NASA reveals secret of ultraviolet X-ray radiation
- April 29, 2023
- 0
Exotic space objects, known as ultraviolet X-ray sources, generate about 10 million times more energy than the Sun. In fact, they are so bright that they seem to
Exotic space objects, known as ultraviolet X-ray sources, generate about 10 million times more energy than the Sun. In fact, they are so bright that they seem to
Exotic space objects, known as ultraviolet X-ray sources, generate about 10 million times more energy than the Sun. In fact, they are so bright that they seem to exceed a physical limit called the Eddington limit, which limits how bright an object can be based on its mass. Ultra-bright X-ray sources (ULX for short) regularly exceed this limit by 100-500 times, baffling scientists.
In a recently published study Astrophysical Journal, researchers report a first-of-its-kind ULX measurement made with NASA’s Nuclear Spectroscopic Telescope Array (NuSTAR). The finding confirms that these light emitters are indeed as bright as they appear and violate the Eddington limit. The hypothesis suggests that this incredible brightness is due to ULX’s strong magnetic fields. But scientists can only test this idea with observations: ULX’s magnetic fields, billions of times stronger than the strongest magnets ever created on Earth, cannot be reproduced in the laboratory.
Illustration of the NuSTAR spacecraft with a 30-foot (10-meter) mast separating the optical modules (right) from the focal plane detectors (left). This separation is essential for the method used to detect X-rays.
Particles of light called photons exert a small force on the objects they collide with. If a space object like the ULX emits enough light per square meter, the outward repulsion of photons can overcome the object’s inward gravitational pull. When this happens, the object has reached the Eddington limit and the light from the object will theoretically repel any gas or other material falling on it.
This key is important when light outweighs gravity because the material falling on the ULX is the source of its shine. This is what scientists often observe in black holes: When strong gravity attracts stray gas and dust, these materials can heat up and emit light. Scientists previously believed that ULXs were black holes surrounded by reservoirs of bright gas. But data from NuSTAR in 2014 revealed that the ULX, called M82 X-2, is actually a less massive object called a neutron star. Like black holes, neutron stars form when a star dies and collapses, compressing more than our Sun’s mass from a medium-sized city into a not-so-large area.
This incredible density also creates a gravitational force on the surface of the neutron star, about 100 trillion times stronger than the gravitational force on the Earth’s surface. Gas and other material pulled by this gravity are accelerated millions of miles per hour as they collide with the surface of the neutron star, releasing enormous energy. (A marshmallow falling on the surface of a neutron star hits it with the energy of a thousand hydrogen bombs.) This creates the high-energy X-ray light that NuSTAR detected.

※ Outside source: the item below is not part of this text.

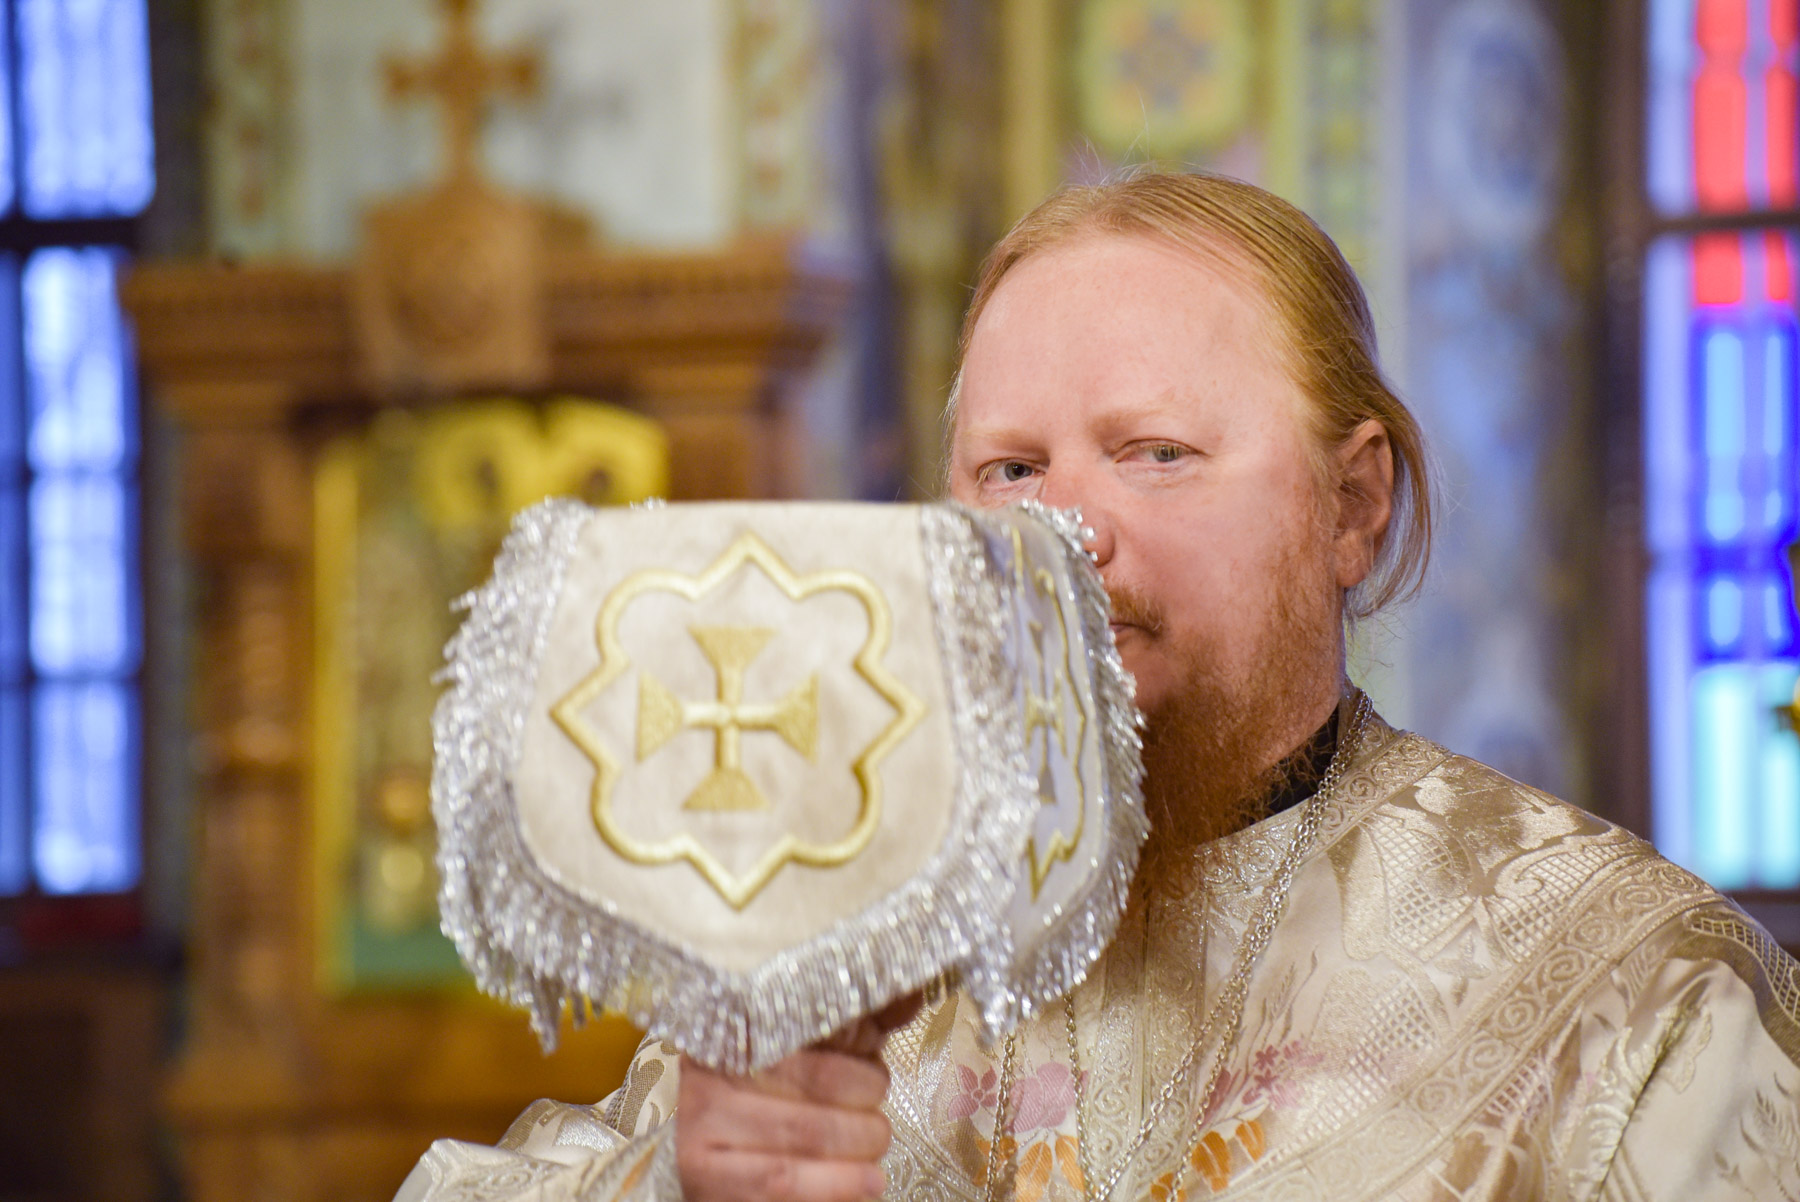 photos of orthodox christmas 0066 1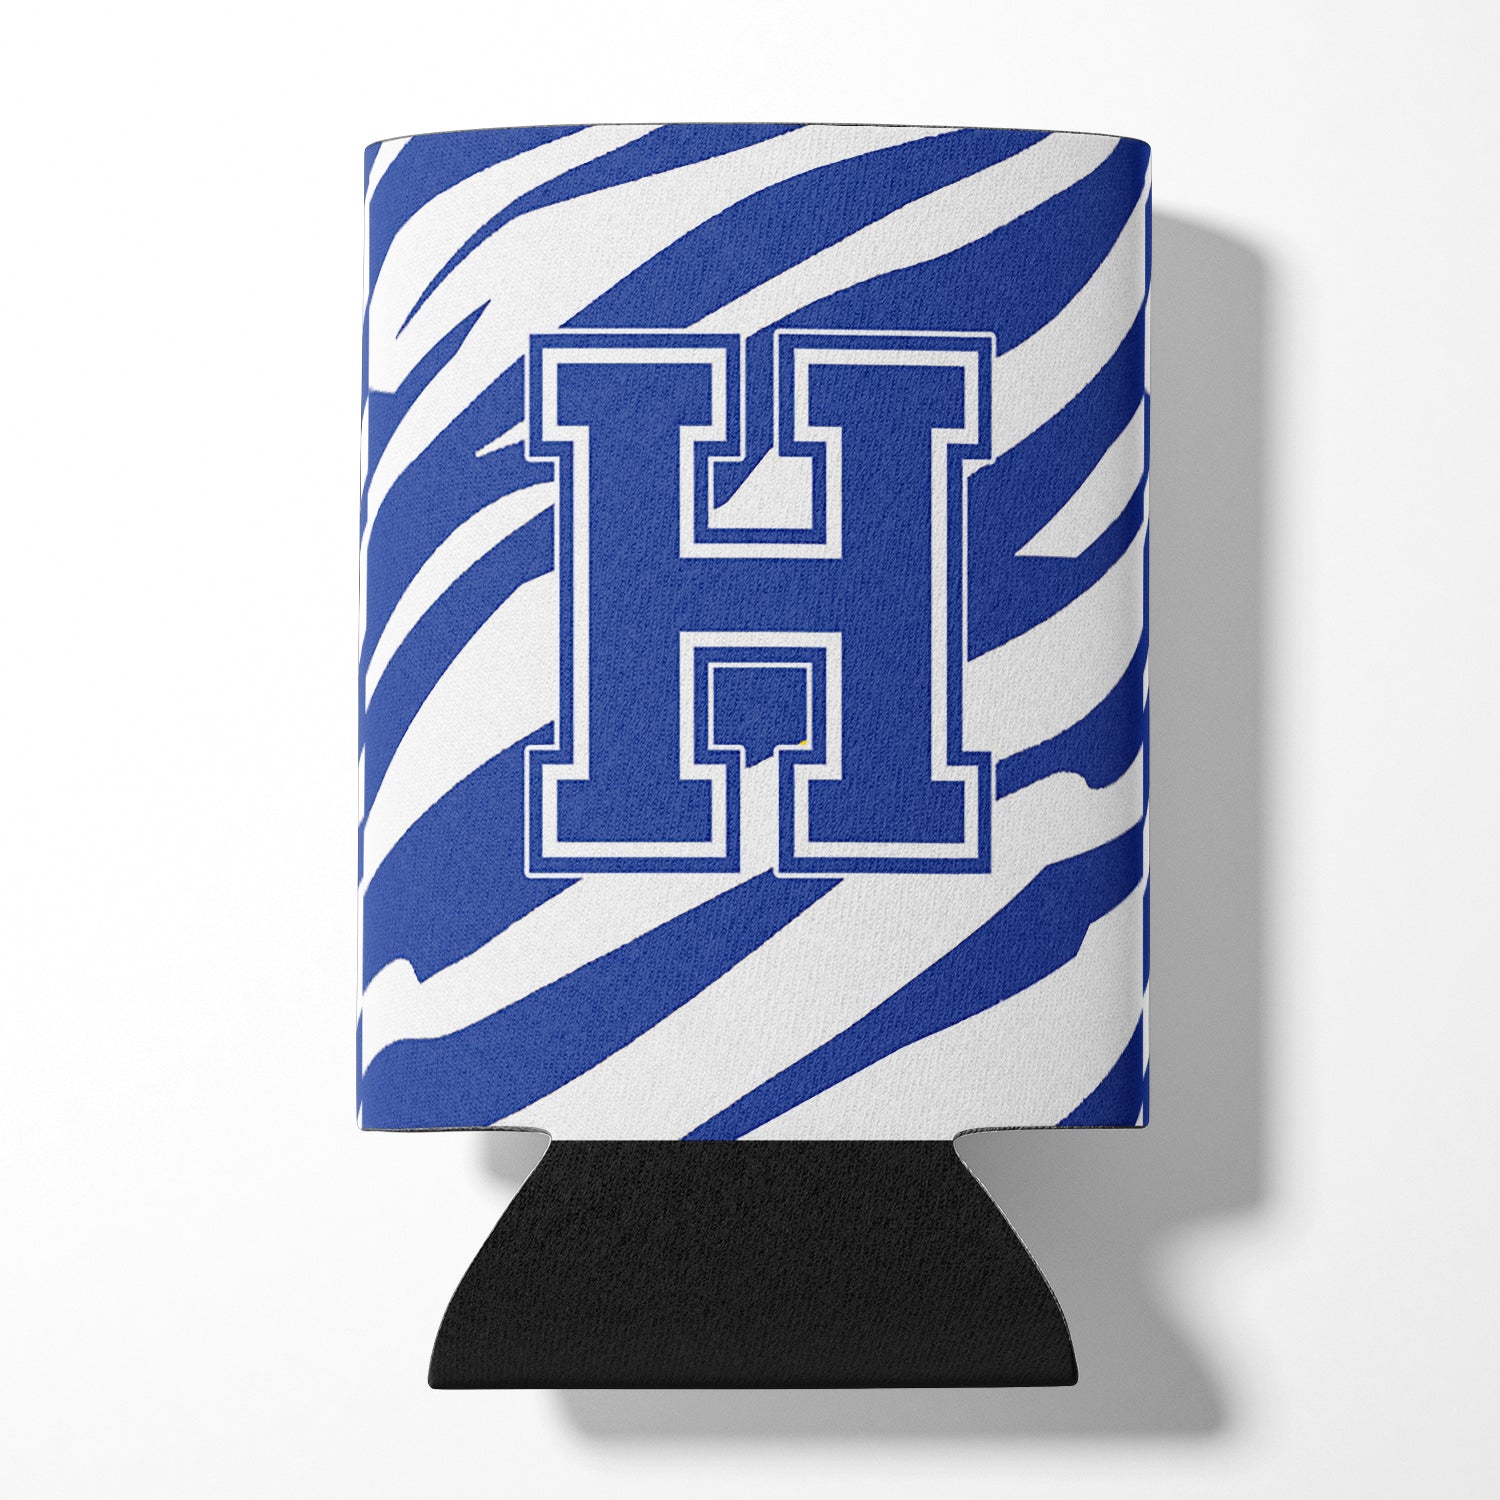 Monogramme initial de la lettre H - Tiger Stripe Blue and White Can Beverage Insulator Hugger

A recent study targeted the same ULX that formed the basis of the 2014 discovery and found that as a cosmic parasite, M82 X-2 steals about 9 billion trillion tons of material per year, or about 1.5 times more, from its nearby star. Earth mass By knowing the amount of material hitting the surface of the neutron star, scientists can estimate how bright the ULX should be, and their calculations are consistent with independent measurements of its brightness. The study confirmed that the M82 X-2 had crossed the Eddington boundary.
If scientists can confirm the brightness of more ULXs, they could challenge the hypothesis that explains the apparent brightness of these objects without the ULXs exceeding the Eddington limit. This hypothesis, based on observations of other space objects, proposes that strong winds form a hollow cone around the light source, concentrating most of the radiation in one direction. If you point the cone directly at Earth, it can create a kind of optical illusion, giving the false impression that the ULX has exceeded its brightness limit.
Even if that may be the case for some ULXs, an alternative hypothesis supported by the new work suggests that strong magnetic fields transform roughly spherical atoms into elongated string-like shapes. This will reduce the photons’ ability to repel atoms, ultimately increasing the object’s maximum possible brightness.
“These observations allow us to see the effects of these incredibly powerful magnetic fields that we could never reproduce on Earth with current technology,” said Matteo Bacchetti, an astrophysicist from the Cagliari Observatory of the National Institute of Astrophysics in Italy and lead author of the study. latest work. . “That’s the beauty of astronomy. By observing the sky, we expand our ability to discover how the universe works. On the other hand, we can’t do experiments to get quick answers; we have to wait for the universe to reveal its secrets to us.”